My criticism of what I saw of the show is that it was clearly written by a woman/gay men, with nobody having any idea how heterosexual men functioned at the relevant times. While I've never played ice hockey, I was a hetero frat boy during most of the years the show is set, and the dynamic just doesn't make any sense, it's like they have the idea that straight men have no friends and no intimacy and don't hang out. The closet cases' strategy for staying closeted is to never, ever be seen together, seen talking to each other, seen being friends. When, frankly, in 2012 the most heterosexual thing you could do was have a best buddy you drank with and joke about being gay together. There's like a half dozen scenes where they have to, secretly, give each other their hotel room numbers and, secretly, sneak into each other's hotel rooms to, secretly, hang out. And it just feels odd, because when me and bunch of other 20 year olds had hotel rooms in the same hotel the most normal thing in the world would be to say to another guy "Hey I'm room 567 grab a case of beer and swing by." Shane is TREMBLING walking to Ilya's hotel room at the thought of anyone catching him, when if he just had a bottle of whiskey his cover is impenetrable. And frankly, if you're in love with a rival hockey star for YEARS, just get your agents on the line and try to get traded to the same team. A-Rod and Jeter it up! The sports media is still dopey enough that they'll publish puff pieces about how it's soooooooo funny that the two stars for Montreal are soooooo close that they have to live right next door to each other.
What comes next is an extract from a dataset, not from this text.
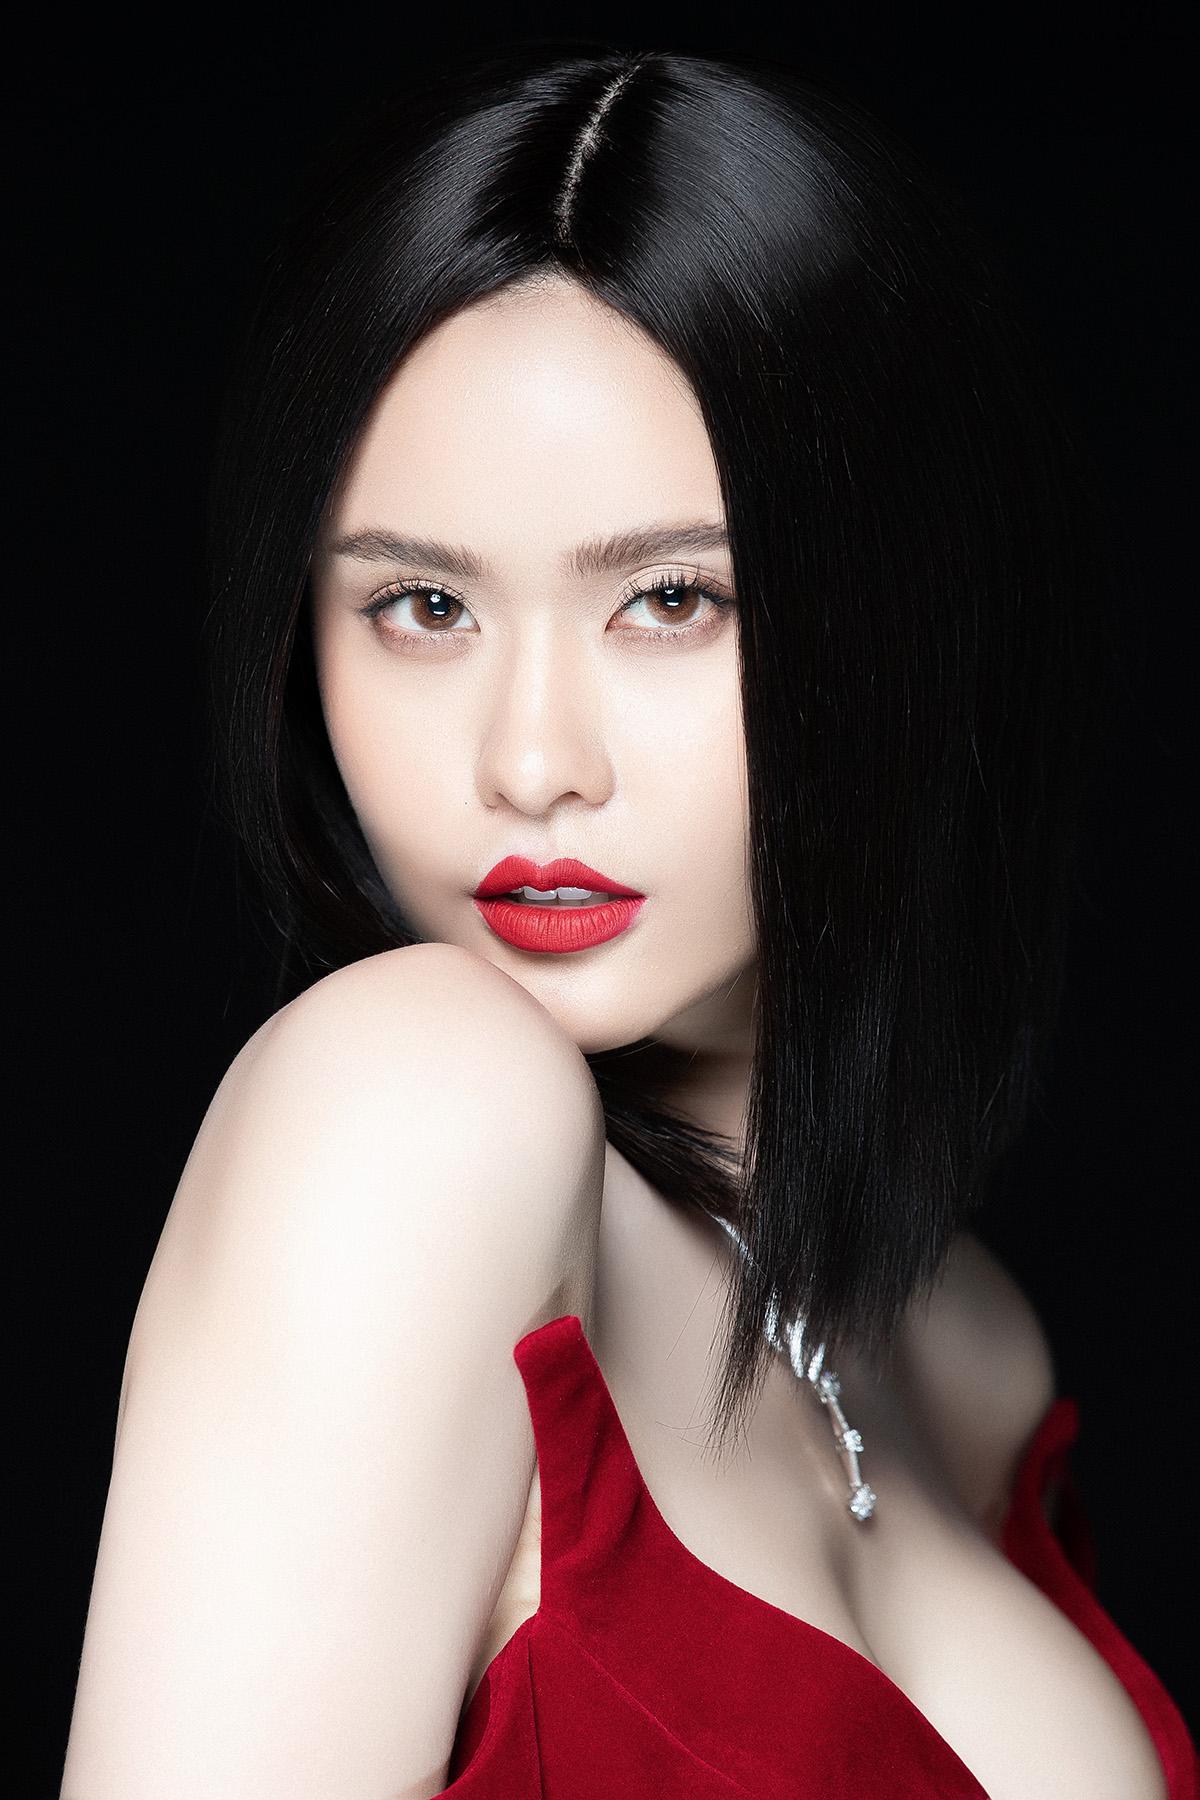 Trương Quỳnh Anh mặc xẻ sâu hút, quyến rũ đến từng khoảnh khắc

Ja’Marr Chase really wanted to live near Joe Burrow. The wide receiver and quarterback are best friends, college teammates, and are now set to play in Super Bowl 2022 together with the Bengals. So after Cincinnati drafted Chase last spring, it was only logical for the LSU product to do everything he could to live on the same street as Burrow. So he started knocking on doors and offering to buy houses. “He went down to the street that Joe Burrow lives on and went door to door, knocking on every door offering to buy their house,” The Athletic’s Bengals writer, Paul Dehner Jr. said on “Hear that Podcast Growlin’” this week.

“And guess what? He bought one. Somebody sold him their house, so he lives next to Joe Burrow now on their little street and they’re like one happy family. “He basically went around and was like, ‘Hi, I’m Ja’Marr Chase. I have lots of money and I want to buy the house.’ Eventually he found somebody that he bought it from and now they’re neighbors.” It’s certainly an extravagant approach, but we won’t knock Chase for wanting to live near his best friend.
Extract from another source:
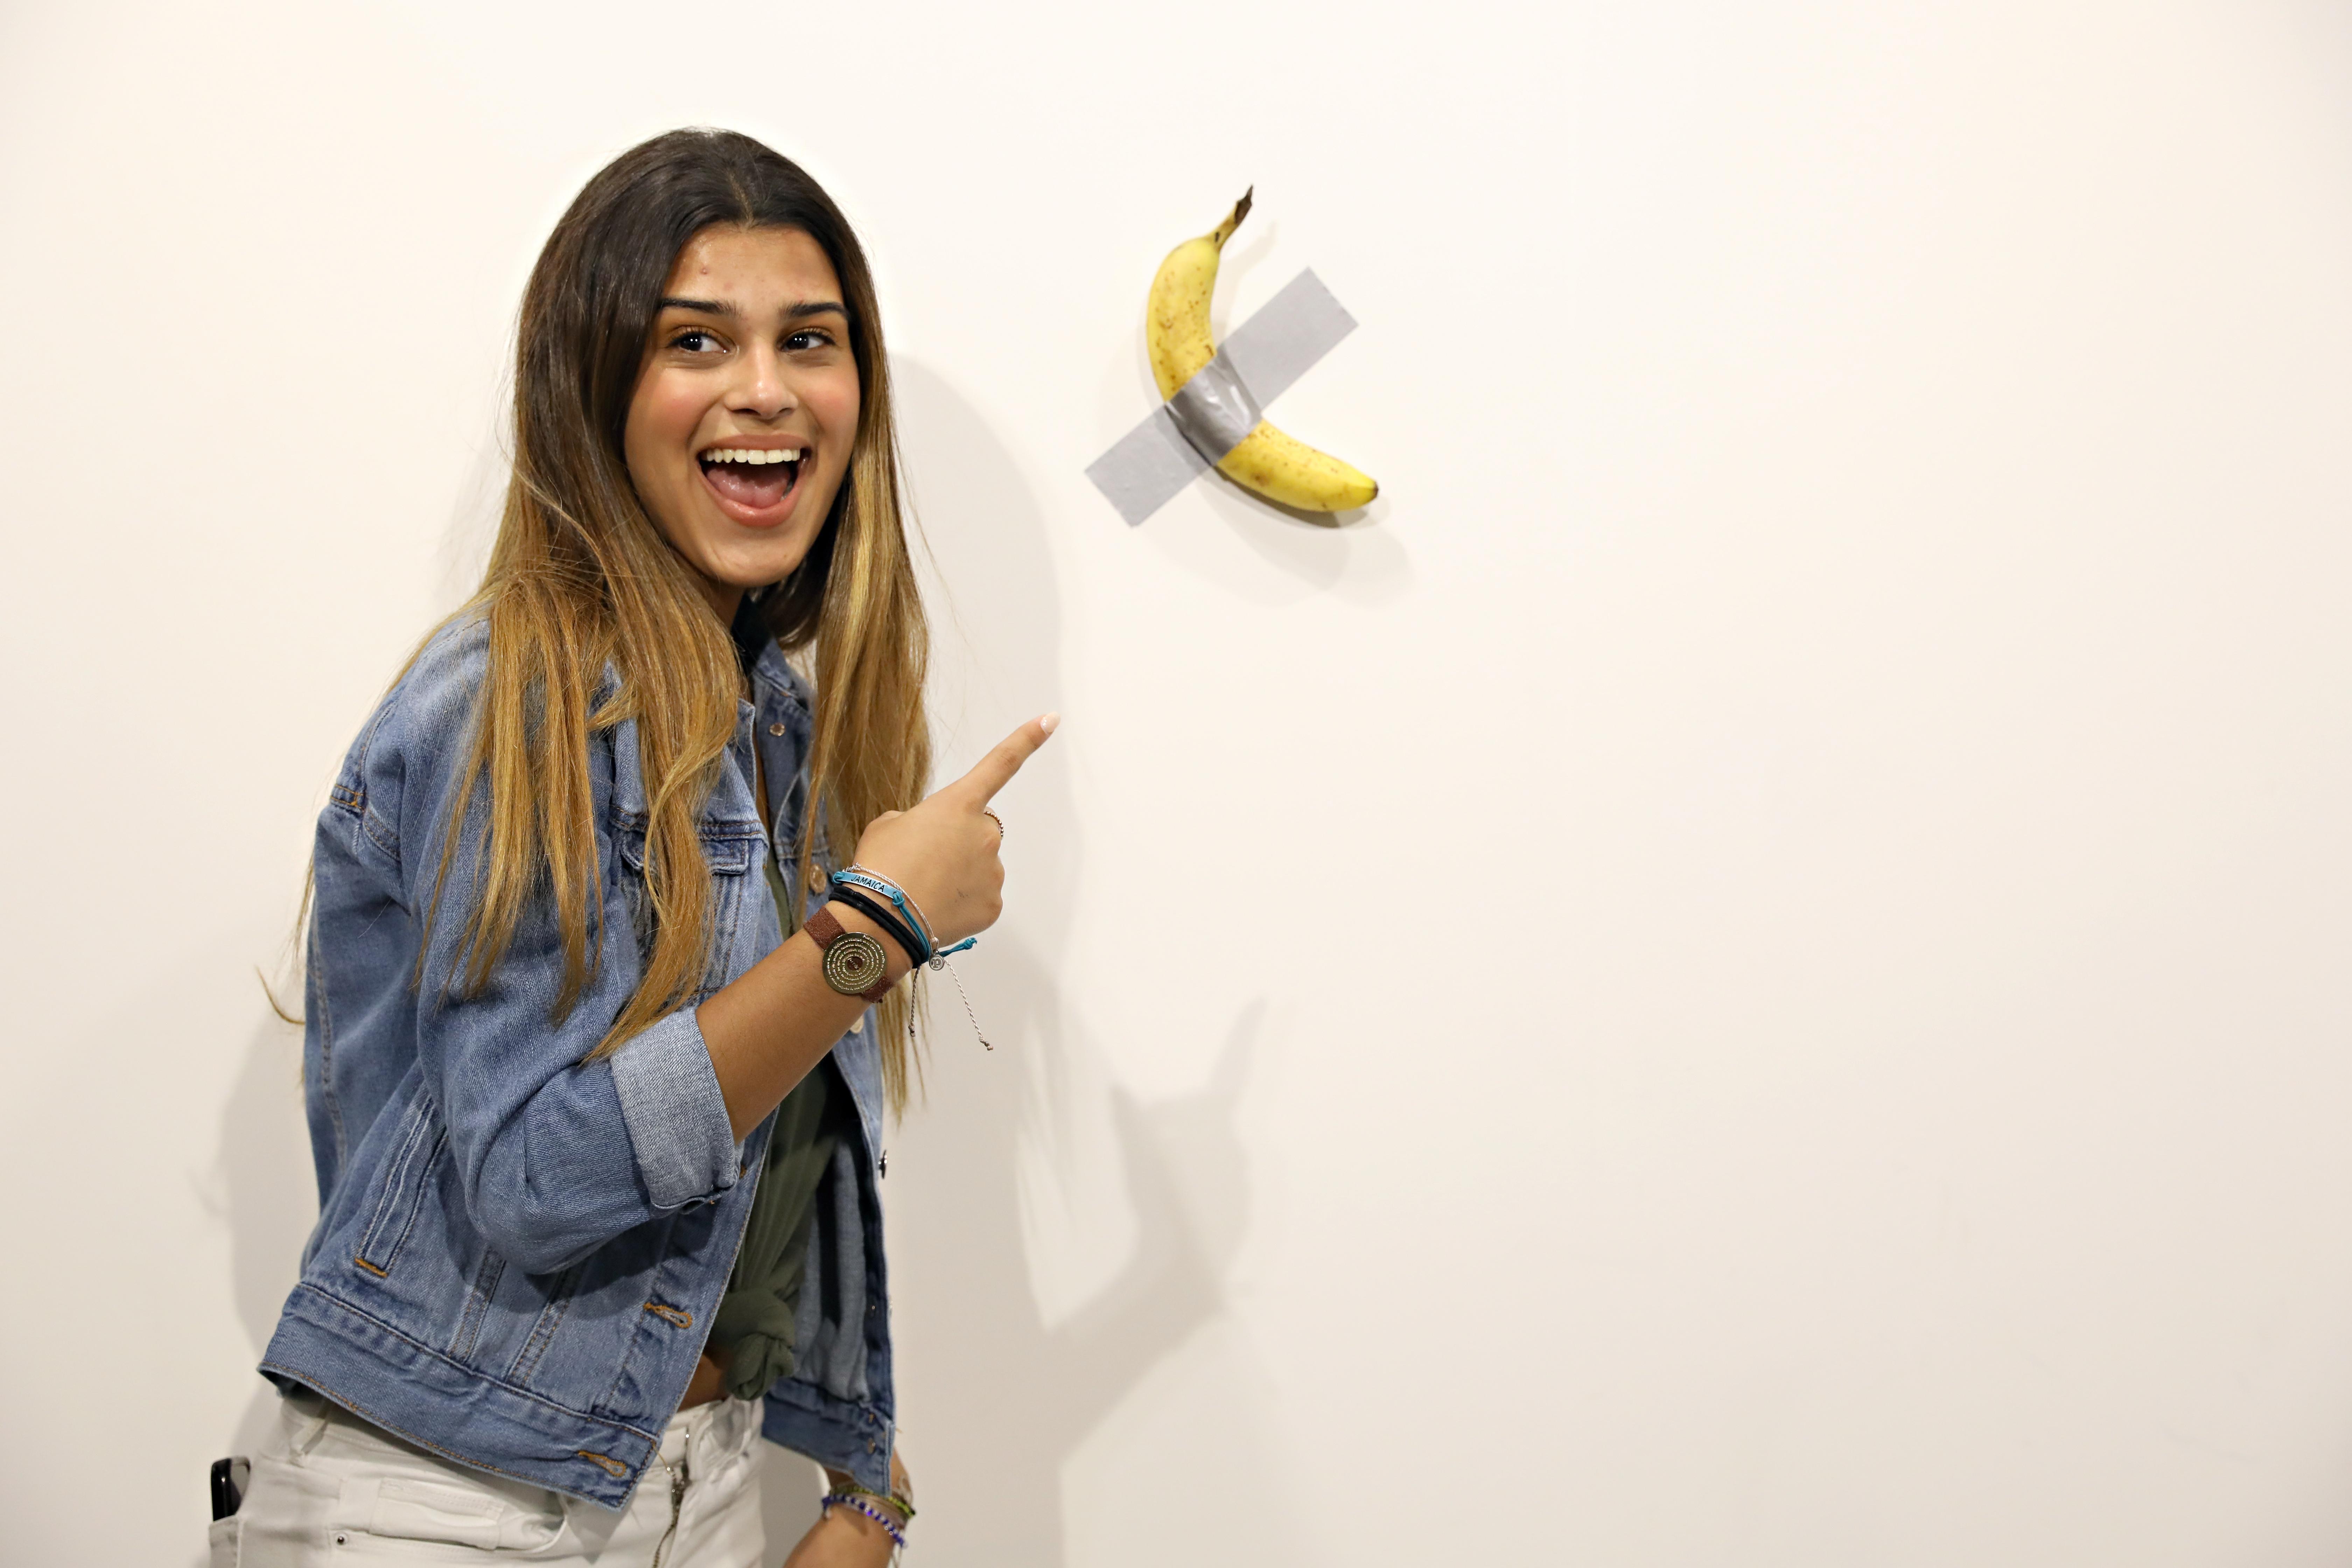 Fogta magát, és a galéria kellős közepén befalta a 120 ezer dolláros banánt

On the field, the arrangement has worked quite well. Chase had 1,455 receiving yards in the regular season, winning AP and PFWA Offensive Rookie of the Year honors. Despite spending a year apart, it didn’t seem like he and Burrow missed a beat from their days at LSU, when they romped to a national title behind a historically explosive offense. Whether their chemistry has anything to do with the living situation, who’s to say. Obviously, though, it hasn’t hurt.
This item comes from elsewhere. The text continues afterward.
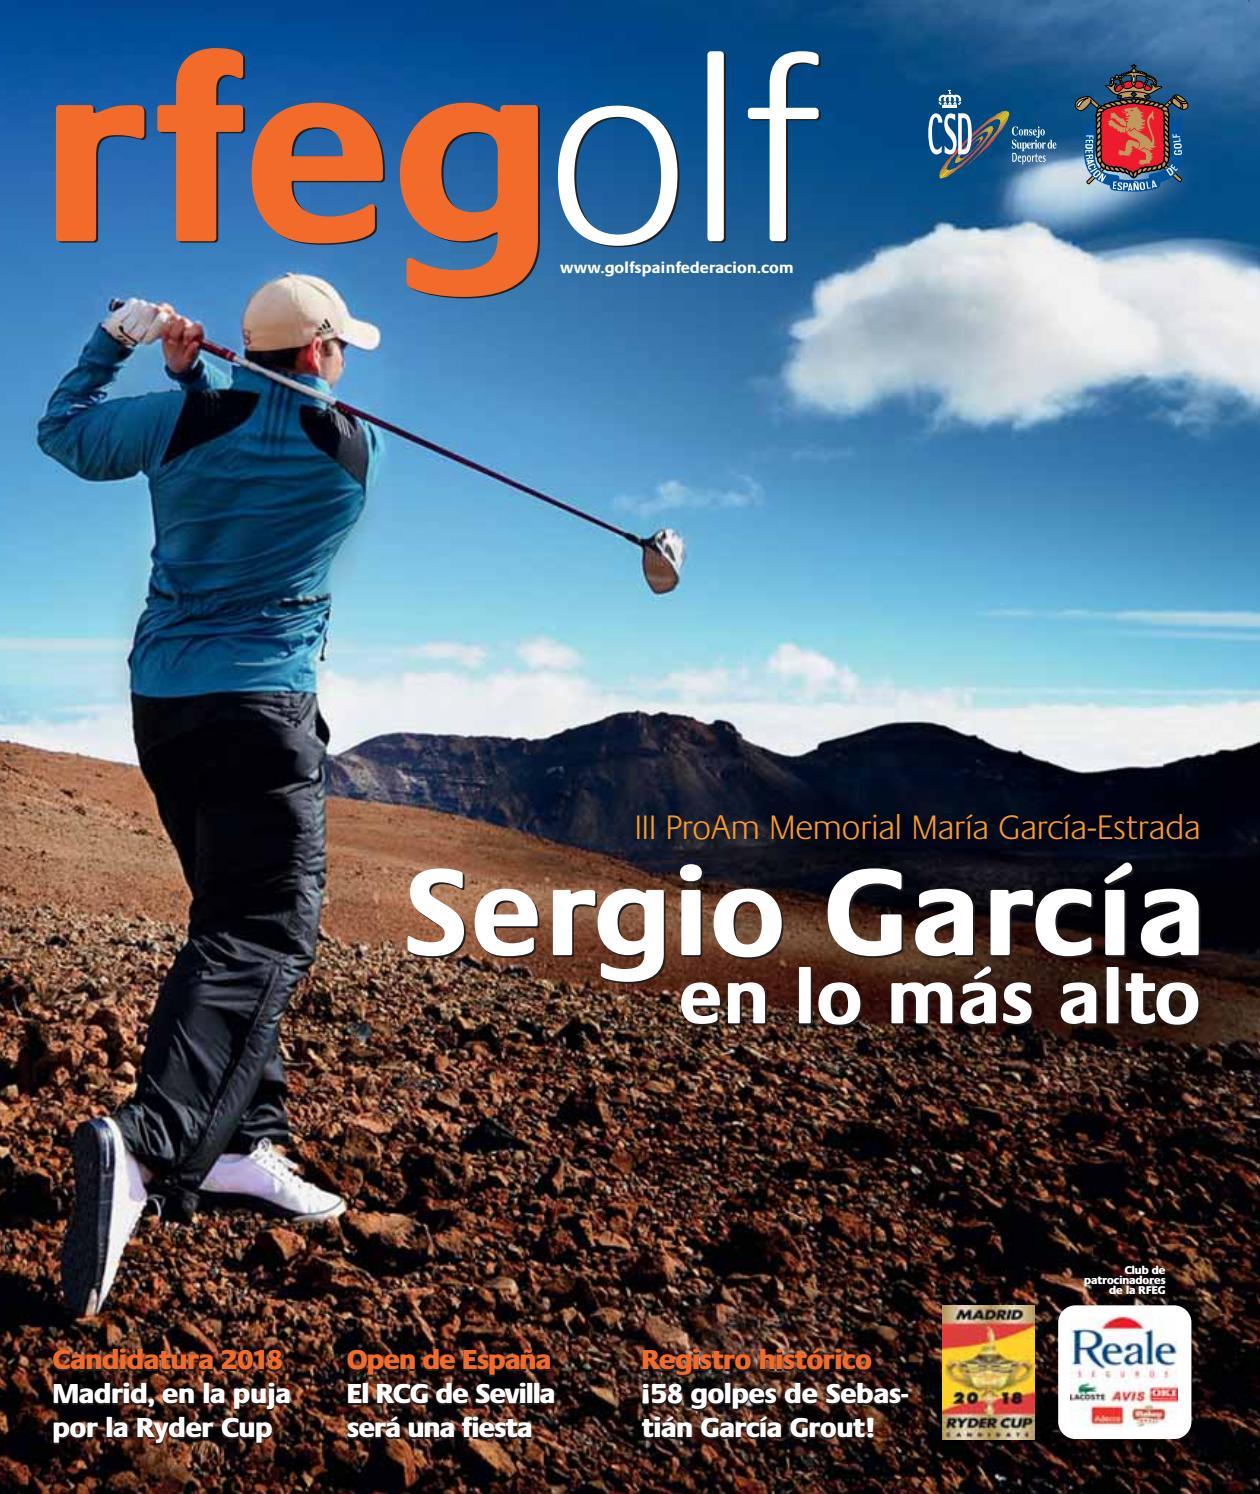 2010-MARZO-REFGOLF by Federación Aragonesa de golf - issuu

There's a second gay romance plot (apparently hockey is nothing but closet cases in this universe) where the captain for the Rangers falls in love with a guy who works at a smoothie shop, but their love must remain SECRET, and he can never be seen at his apartment! And once again I'm like, if you're a star player, having a weird smoothie twink living in your house as part of your entourage wouldn't even be all that odd.

A lot of twitter hockey fans complained that the climactic scene of that plot didn't make any sense, when the captain brings the smoothie twink onto the ice for a kiss after winning the stanley cup at MSG and the crowd applauds. I can only assume the complaints came from fans who have never seen their team win a championship. Jalen Hurts could have shown up to the parade in a fur suit last year after smoking Mahomes and the Philly fans would have applauded. Hell, for the most part, if right after the win a player started kissing a man on the field, I wouldn't even process that it was gay, I would just think he was really excited and got his wires crossed.